• DESCRIPTION OF THE TASK
Everything from the line containing "Dänemark 1990 Freimarken" through the line containing "Buy Hobbs Blouse online" should be repeated exactly, and nothing else from the data.

*** Opening of SUPPLIED MATERIAL ***

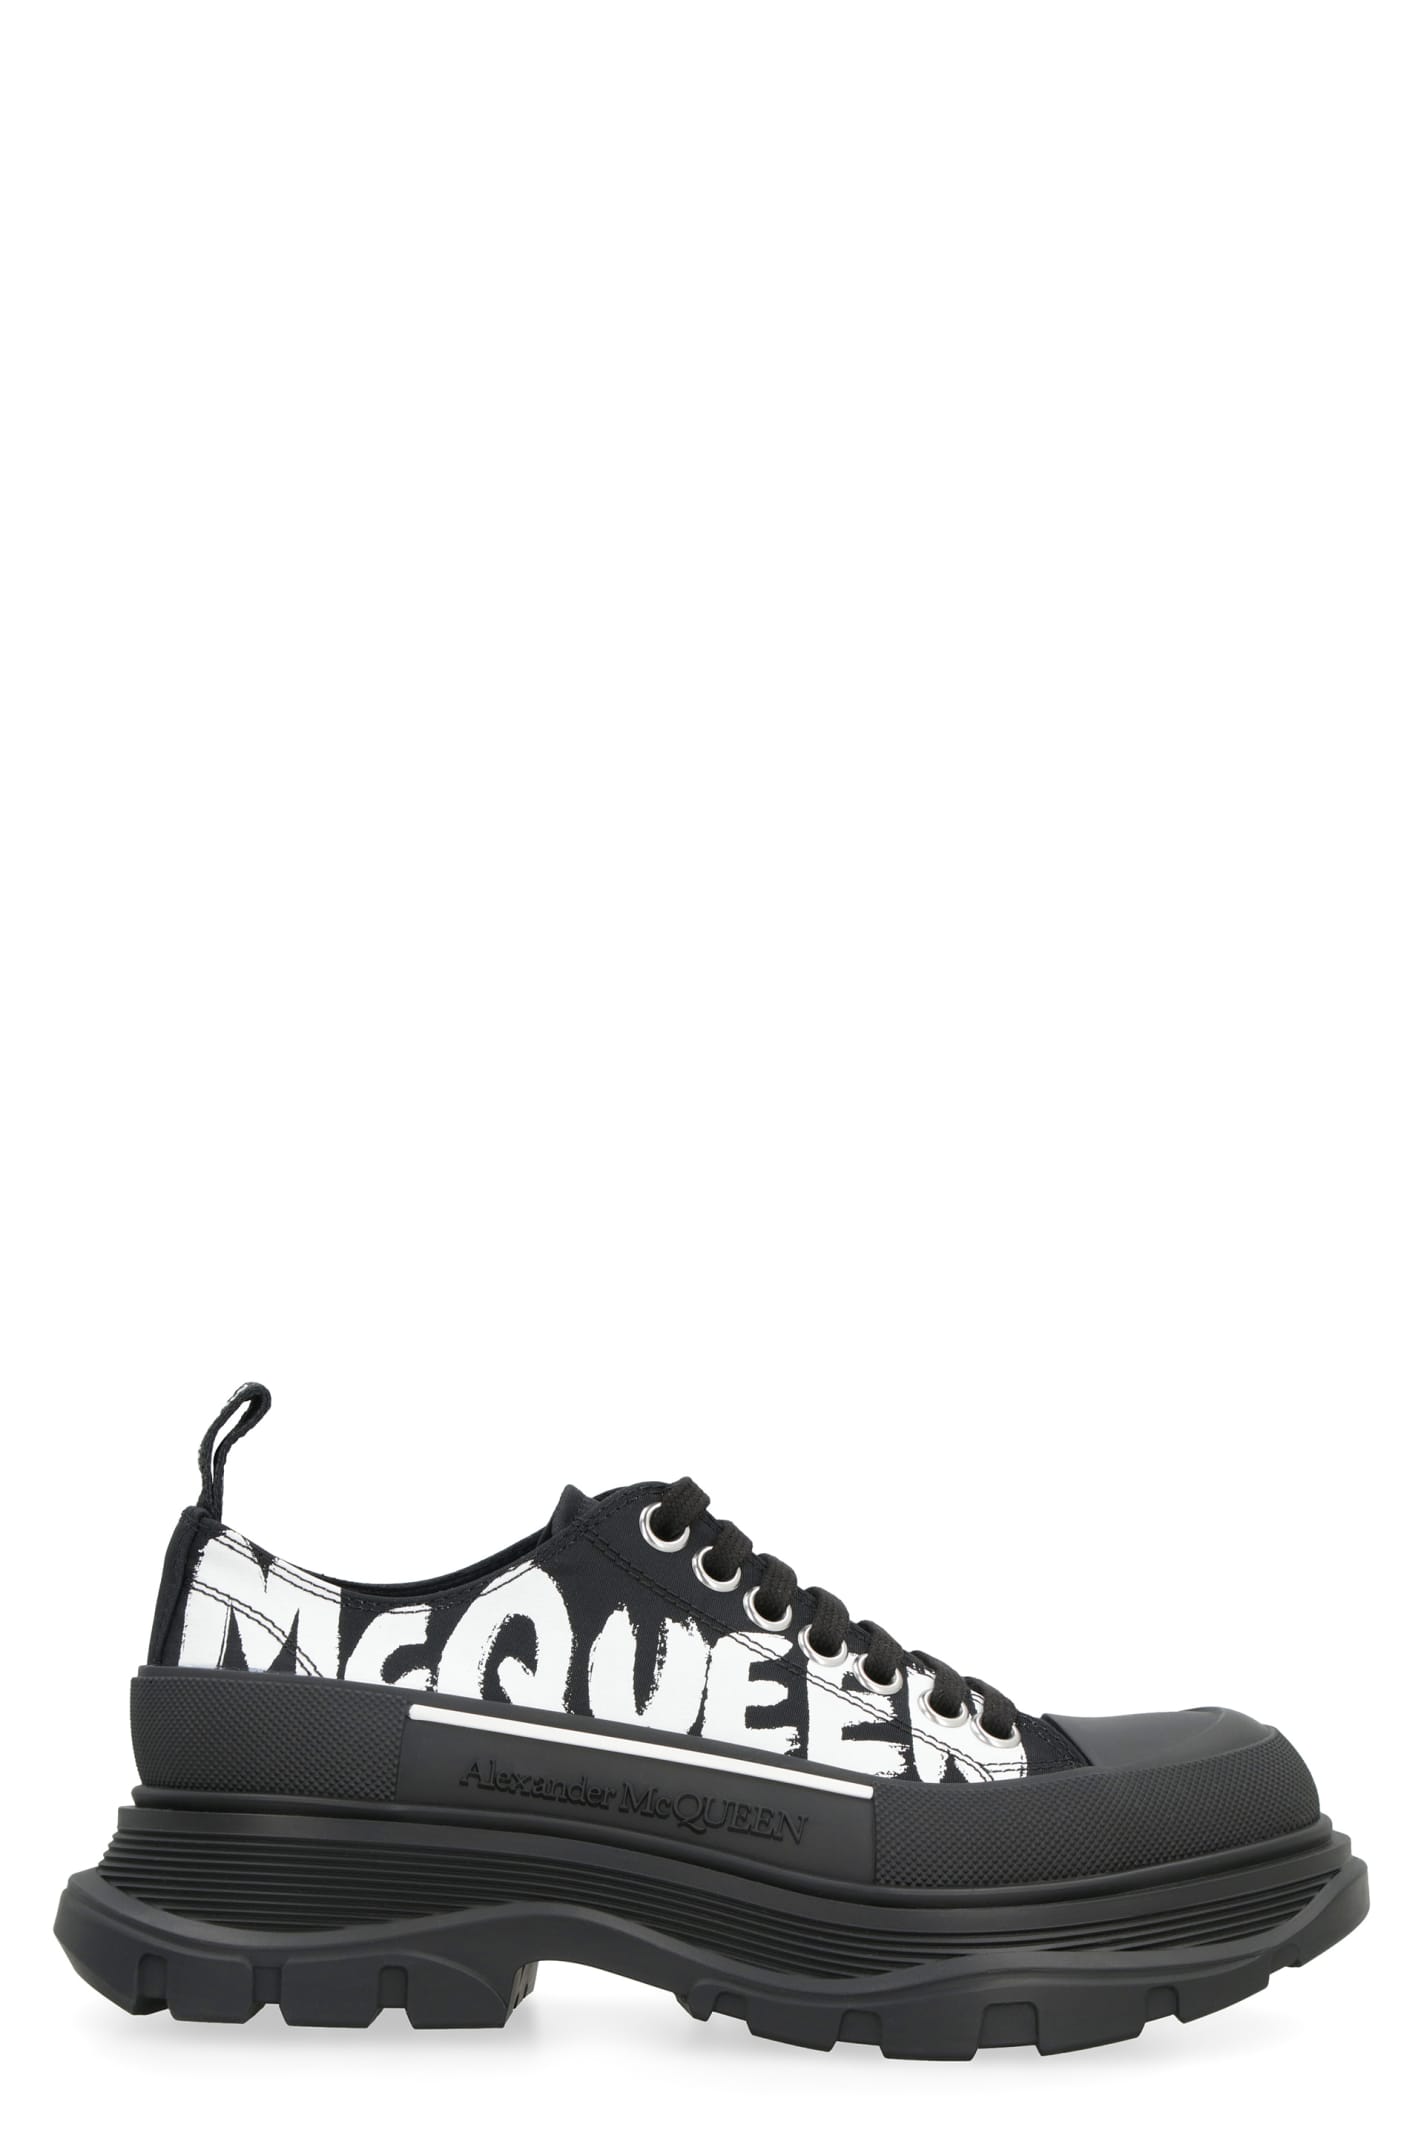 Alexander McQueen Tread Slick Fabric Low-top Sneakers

*** Close of SUPPLIED MATERIAL ***
*** Opening of SUPPLIED MATERIAL ***

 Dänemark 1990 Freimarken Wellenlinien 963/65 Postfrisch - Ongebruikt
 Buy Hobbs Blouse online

*** Close of SUPPLIED MATERIAL ***

• ANSWER SECTION
 Dänemark 1990 Freimarken Wellenlinien 963/65 Postfrisch - Ongebruikt
 Buy Hobbs Blouse online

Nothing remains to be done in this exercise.